While many of the classification thresholds we identify as promising for two-test and three-test combinations correspond to the benchmark heuristics, our results demonstrate the value of exploring other classification schemes. As an example, the ANY, MAJORITY, and ALL heuristics applied to the three-test combination of tests 6 (Biopanda II), 7 (Surescreen), and 8 (Abbott) result in a sensitivity/specificity of (100.0% [CI: 99.7%-100%], 97.4% [CI: 95.9%-98.4%]), (94.8% [CI: 92.8%-96.2%], 99.3% [CI: 98.4%-99.7%]), and (66.5% [CI: 62.8%-70.0%], 99.8% [CI: 99.1%-100%]), respectively. Our threshold approach uncovers 6 other possibilities for classification, including the option (mentioned above) which includes the outcome sequence (-, +, -) in the set of outcome sequences classified as positive. This achieves a sensitivity and specificity of (96.3% [CI: 94.6%-97.5%], 98.9% [CI: 97.8%-99.5%]), which could be optimal for some subpopulations. Note that by applying the thresholds 0.60, 0.94, 0.99 one can obtain sensitivity/specificity values of (96.3% [CI: 94.6%-97.5%], 98.9% [CI: 97.8%-99.5%]), (89.0% [CI: 86.4%-91.2%], 99.6% [CI: 98.7%-99.9%]), and (80.6% [CI: 77.4%-83.5%], 99.8% [CI: 99.0%-100%]), respectively – none of which were identified by the benchmark heuristics.

Our threshold-based classification methodology results in 112 achievable sensitivity/specificity values on the testing possibility frontiers associated with the 14 three-test combinations included in our analysis. While the MAJORITY heuristic represents one point on each frontier, the ANY (ALL) heuristic fails to appear on the frontier for 5 (4) of the 14 combination tests, because is strictly dominated by points on the frontier. Thus, even when the goal is to maximize sensitivity (specificity), for which applying the ANY (ALL) heuristic may seem reasonable, our threshold-based methodology often achieves better results.

DISCUSSION

We develop and illustrate a methodology for combining diagnostic tests to simultaneously achieve high sensitivity and high specificity, with index tests that are vastly inferior to the best available. The objective of this methodology is not to compare individual index test and their ability to identify various antigen markers, but to combine index tests for better diagnostic accuracy. We use combination positive predictive value (CPPV) estimates to classify each possible outcome sequence of a combination test, accounting for correlated or discordant outcomes.

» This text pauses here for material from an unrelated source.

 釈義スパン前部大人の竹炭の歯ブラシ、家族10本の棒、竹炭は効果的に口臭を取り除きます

For any combination test, we are able to evaluate the common ANY, ALL, and MAJORITY heuristics against the ‘testing possibility frontier’ – which represents the trade-off between achievable sensitivity and specificity for that combination. Our approach reveals when benchmark heuristics are inferior. From the ‘envelope’ of frontiers we generate, policy makers can choose points on the envelope – each representing a distinct sensitivity/specificity combination – ideal for particular subpopulations.

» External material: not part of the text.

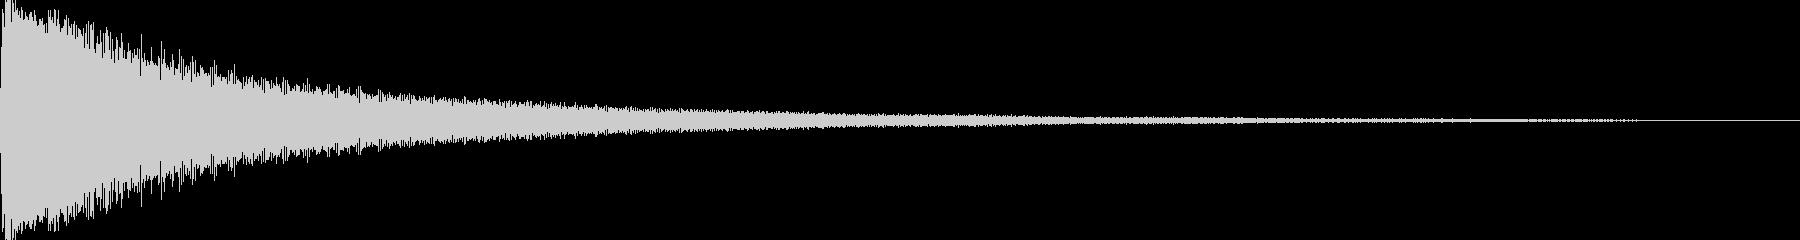 試合開始のゴングの未再生の波形

Volume discounts can accrue by using the same index tests for different subpopulations, e.g., with a higher sensitivity threshold for older individuals (for whom false negatives can be costly) than for frontline workers (for whom false positives are costly). Strikingly, we observe large gains in accuracy by combining just two or three LFIAs, an approach that is cheaper than a laboratory-based test. The cost of additional tests also needs to be weighed against the cost of a false result - at under &10 per LFIA, offering a three-test kit is likely to be far less costly than a false result.

An LFIA requires little serum, so blood samples can be shared across hospital systems and even countries, to identify the best LFIA combinations. FIND (Foundation for Innovative New Diagnostics, a WHO Collaborating Center) and the CDC are evaluating numerous SARS-CoV-2 immunoassays on standardized samples. Analyzing this data using our methodology would identify the best available combinations of sensitivity and specificity attainable, so that policy-makers can choose optimal combinations for specific populations. This approach would overcome limitations of small sample size and enable more precise parameter estimation. Future research can examine larger samples, and subpopulations with different prevalence rates.

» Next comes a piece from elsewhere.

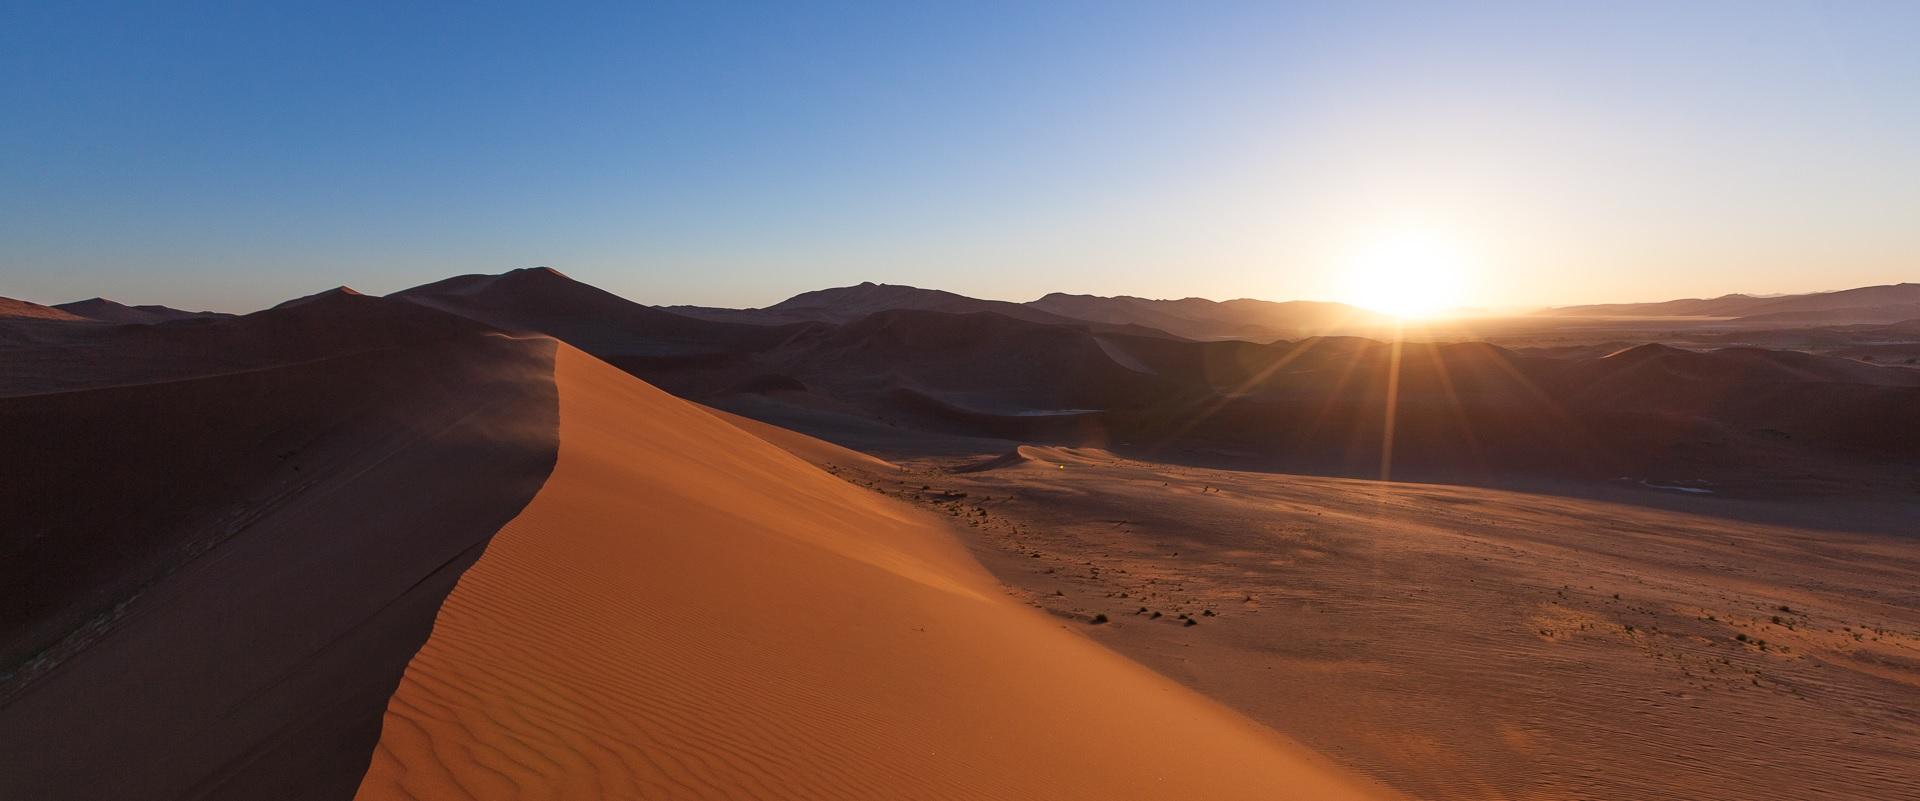 Namibia02.jpg

Our methodology also applies when using the same LFIA test multiple times on a sample. Tests with low kappa values are useful candidates for repeat testing as their outcomes have low correlation.

Beyond LFIAs, our threshold-based classification methodology applies to any diagnostic tests that can be used in combination, e.g., quick, cheap and inaccurate rapid antigen tests for Covid-19[27], and would enable quick and accurate testing in use cases such as entry to public spaces including airports, nursing homes and hospitals. It can even be used to combine readings from infrared thermometers that rapidly screen for body temperature to permit entrance into buildings.

With our approach, test development is no longer a high stakes winner-take-all game, though clearly continued development of better single tests is desirable. ‘Close enough’ can be good enough – in combination with other tests. Test developers can cooperate and develop complementary tests whose outcomes are less correlated, rather than compete in the same space.

Clinicians often informally combine tests, without considering underlying correlations between test outcomes. Our methodology codifies this practice and provides a pathway that the FDA can use for evaluation and approval for use of combination tests. Home self-testing for SARS-CoV-2 antibodies using LFIAs is feasible.[28] With a pathway in place, combination test kits can be offered for home use, with clear instructions on how to interpret the results, e.g., “read as positive only if both tests give a positive result”. Another option might be to create a single test kit which combines two or three tests “under the hood”, with no extra effort required on the consumer’s part. This would enable the widespread, frequent community testing urgently needed to curb covid-19.

Data Availability

All data are available upon reasonable request.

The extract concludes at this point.